Y a-t-il accessoire de films plus cinématographique que le bijou, dans toutes ses formes et dans toutes ses splendeurs ? Et y a-t-il bijou plus probant, plus prégnant, plus intéressant à disséquer que la boucle d’oreille, ou l’anneau ? Une broche à intégrer non pas dans un tissu, mais dans le corps même de qui la possède, une boucle d’oreille est plus qu’une pierre précieuse et la structure qui la soutient : C’est un détail d’apparence qui se mérite en plus de se porter. Une mini-tour de Babel à elle seule, la boucle d’oreille pose le problème des différences sociales entre cultures : Par exemple, quand est-il acceptable de percer les oreilles d’un enfant ? Certains peuples répondent, à partir de trois mois. Et des va-et-vient sur cette problématique, peuvent déboucher les mêmes questions que, mettons, la circoncision, sur les choix qu’un enfant devrait avoir le droit de faire sur son corps, contre la nécessité des perpétuer des traditions et des habitus. Se percer les oreilles n’est pas anodin ! Il s’agit bien d’une modification corporelle, la première que nombre d’individus s’essaient à faire, avant de se diriger, aujourd’hui, vers des piercings et des écarteurs, ou, à d’autres endroits du monde, vers des labrets.
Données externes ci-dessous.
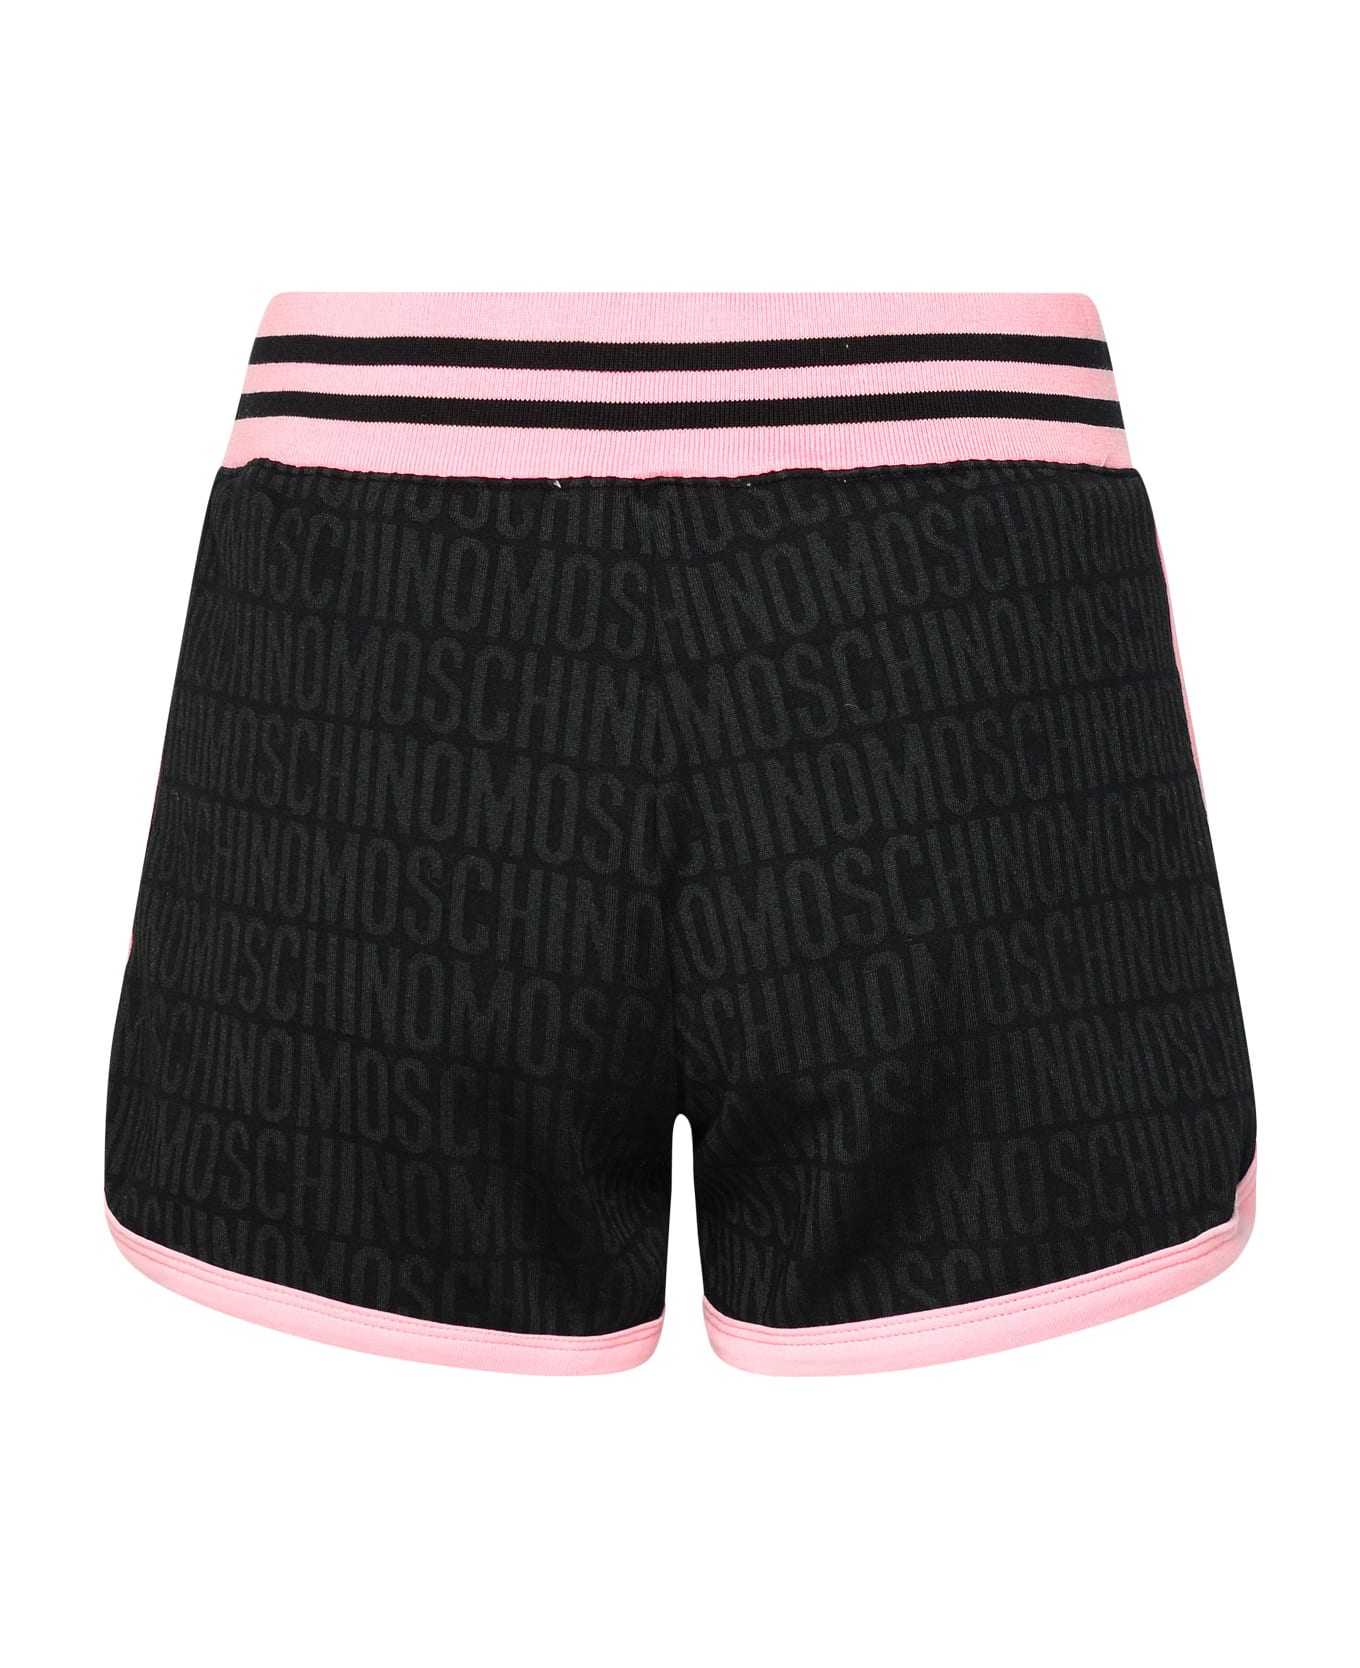 Moschino Black Cotton Blend Shorts - Black ショートパンツ

Dans Les Anneaux d’or, le Colonel Ralph Denistoun (Milland) a les oreilles percées. C’est bien cette modification corporelle, en ceci qu’elle n’est pas dissimulable, qui provoque la curiosité de ses congénères Américains. Ces derniers n’ont pas l’habitude de voir cette caractéristique sur un homme. À l’un d’eux, Denistoun raconte son histoire. Aux suites d’une mission périlleuse d’espionnage en Allemagne nazie, Denistoun a du se cacher et se recueillir auprès d’un groupe tzigane, dont fait partie Lydia (Dietrich). Et c’est bien pour s’intégrer à ce groupe, pour franchir une différence sociale entre sa culture et la leur, qu’il a bien voulu porter des anneaux d’or.
La performance d’une Dietrich grimée, filtrée par un accent à couper au canif, ne sera malheureusement pas la plus riche de cette comédienne. C’est dommage. Au final, Les Anneaux d’or a un aspect assez « BD d’aventure franco-belge » dans sa candeur. Cela a son charme, et ses limites. Le long-métrage a une naïveté qu’ont d’ordinaire des œuvres qui n’ont pas besoin d’impressionner des spectateurs qui ont une grande expérience de la vie. Pourquoi, alors, avoir choisi d’invoquer une sorte de vérisme journalistique, faisant jouer au reporter Quentin Reynolds son propre rôle dans le cadre narratif qui entoure le récit ? En tout cas, le simple n’est pas une couleur que Dietrich porte très bien. « Tu es plus intelligent que moi » dit Lydia, au détour d’une comparaison entre une superstition et une prière. Dietrich trahit quelque peu le personnage : Sa voix est si sage, si bonifiée par les voyages, qu’elle ne peut être aussi sotte qu’elle le dit.